As of this writing, 17,058,387 Bitcoins have been mined, 81.23% of all the Bitcoins that will ever exist. In total there will be 21 million Bitcoins after all mining is completed, which should occur around 2140. The relatively low rate of Bitcoin mining from here on out will be conducive to Bitcoin’s price rising.

A major benefit of Bitcoin is that its rate of production and total supply are hard-coded into its underlying program. This prevents inflationary money printing that is so often seen with fiat currencies. There have been recent examples of out of control money printing destroying fiat currencies and the economy of entire nations, such as Zimbabwe and Venezuela, where everyone who held their money in the national fiat currency lost their life savings.

With Bitcoin, such a crisis is not possible. In fact, part of the reason for Bitcoin’s long-term price rise is that the inflation rate from government’s printing fiat currency is far more than the inflation rate from Bitcoin mining, causing the price of Bitcoin to rise relative to fiat.

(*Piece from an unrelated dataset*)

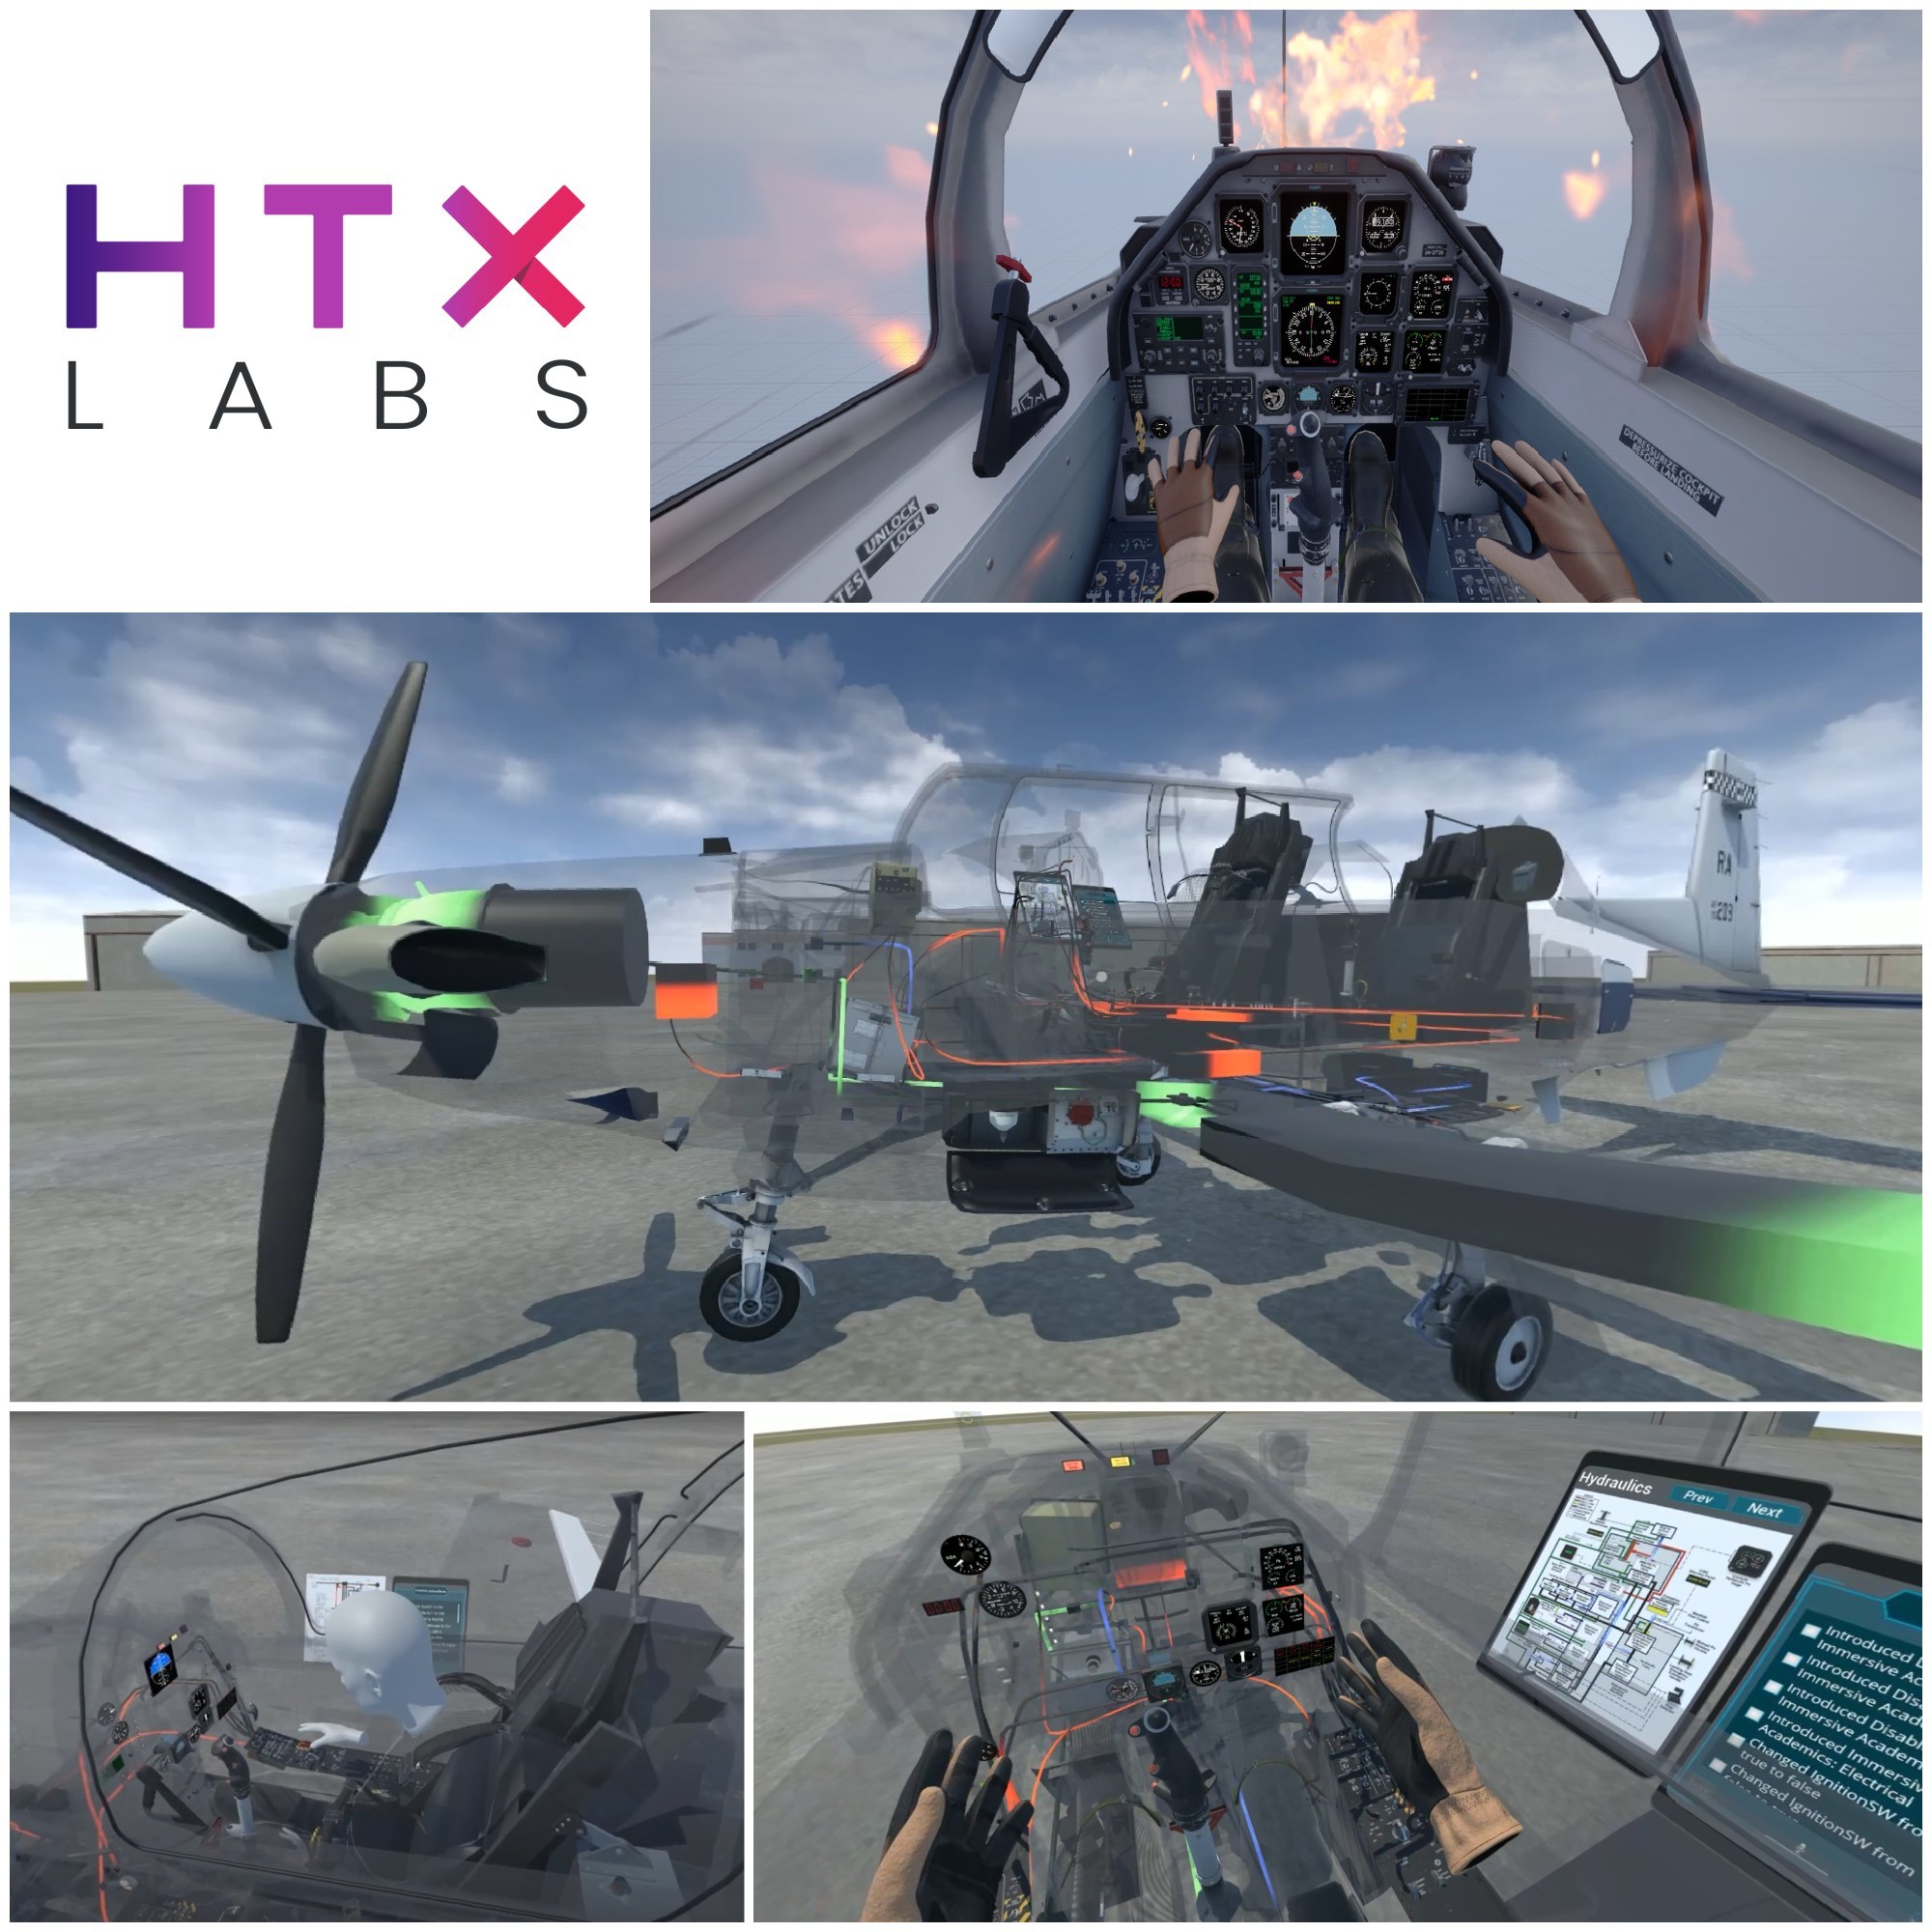 HTX Labs' interactive, virtual T-6 delivers high-fidelity, immersive academics training
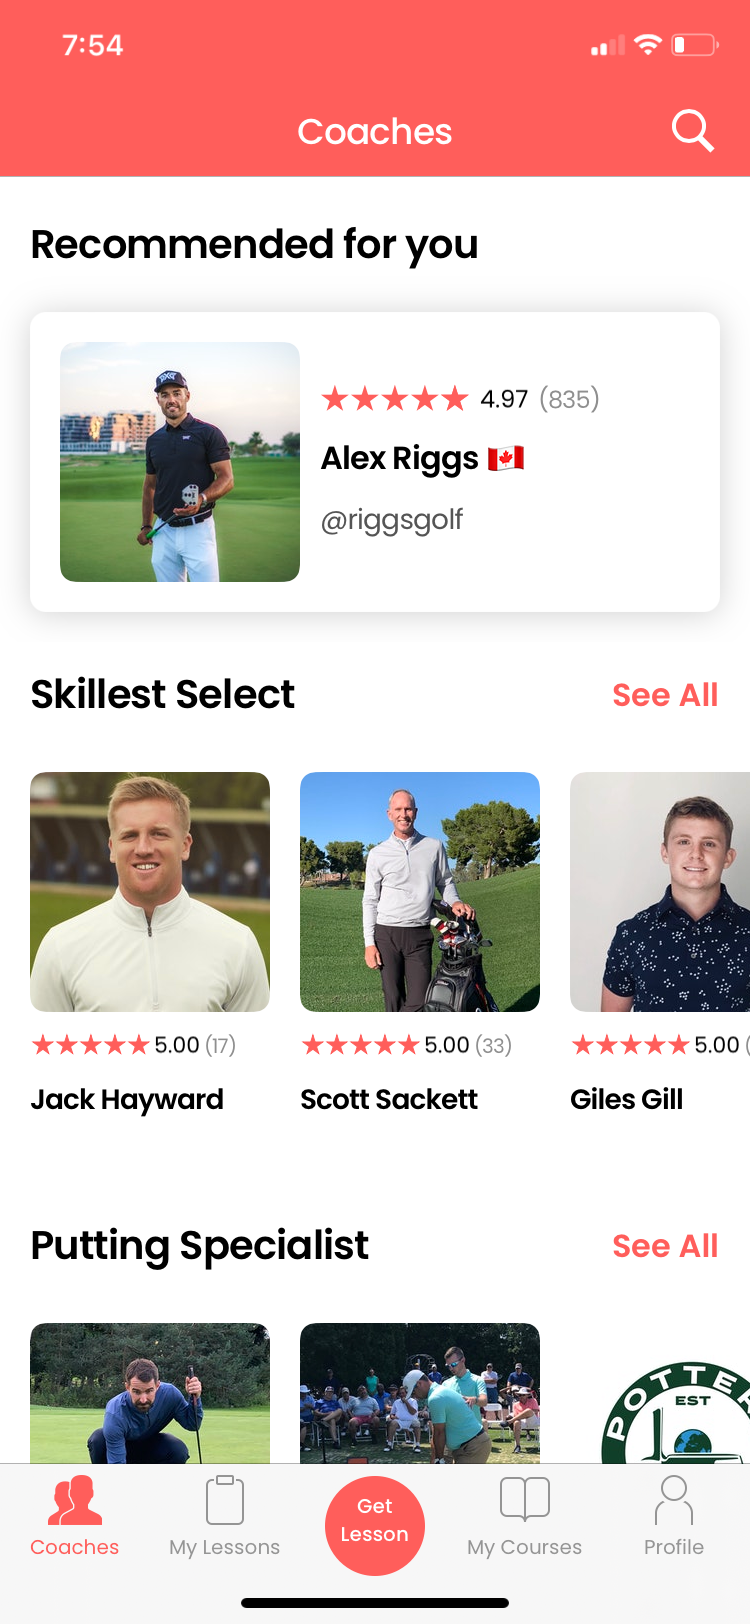 Skillest coaches page

A fixed amount of bitcoins are minted for each new block discovery which occurs on average every 10 minutes. At the beginning, there were 50 bitcoins minted per block, and these were rewarded to miners who maintain and secure the network by cryptographically hashing transactions and organizing them into blocks. After every 210,000 blocks, the block reward halves, and with the block time of 10 minutes this is roughly every 4 years. The block reward has halved twice since Bitcoin was launched, and currently sits at 12.5 Bitcoins.

It is estimated that the block reward will halve again in late May 2020, at which point there will be 6.25 bitcoins minted per block. Block halvings will continue until there is 1 Satoshi (0.00000001 Bitcoin) minted per block, the smallest possible unit of Bitcoin. This will occur at the 33rd halving, at block 6.72 million. At the 34th halving at block 6.93 million, the block reward will drop to zero since a Satoshi cannot be divided in the Bitcoin protocol. At that point, the total bitcoin supply will be 21 million and no more bitcoins will ever be created.

Miners will continue to receive transaction fees even after the last Satoshi is mined, which will provide the needed incentive to maintain and secure the Bitcoin network. Considering the long-term rise in bitcoin’s price the transaction fees alone may be enough profit to maintain a healthy mining community by the time 2140 rolls around. Bitcoin may be compromised by attacks from quantum computers as early as 2027 though, so there is no way to know for sure if Bitcoin will still be used in 2140. A quantum cryptocurrency may very well succeed Bitcoin as the top cryptocurrency in the world out of necessity.

Even though 21 million bitcoins will be mined in total, the amount in circulation is less due to people losing private keys, willfully sending Bitcoins to burn addresses like 1BitcoinEaterAddressDontSendf59kuE, or sending Bitcoins to the wrong address. Theoretically, the supply of Bitcoin will decrease throughout time due to accidents, resulting in deflation.

Once again, quantum computers are a fly in the ointment when it comes to this if they arise like experts expect then they will be able to obtain private keys from public keys. If that happens all lost and burned bitcoins could be put back into circulation, but the cryptocurrency will be obsolete and worthless at that point anyways.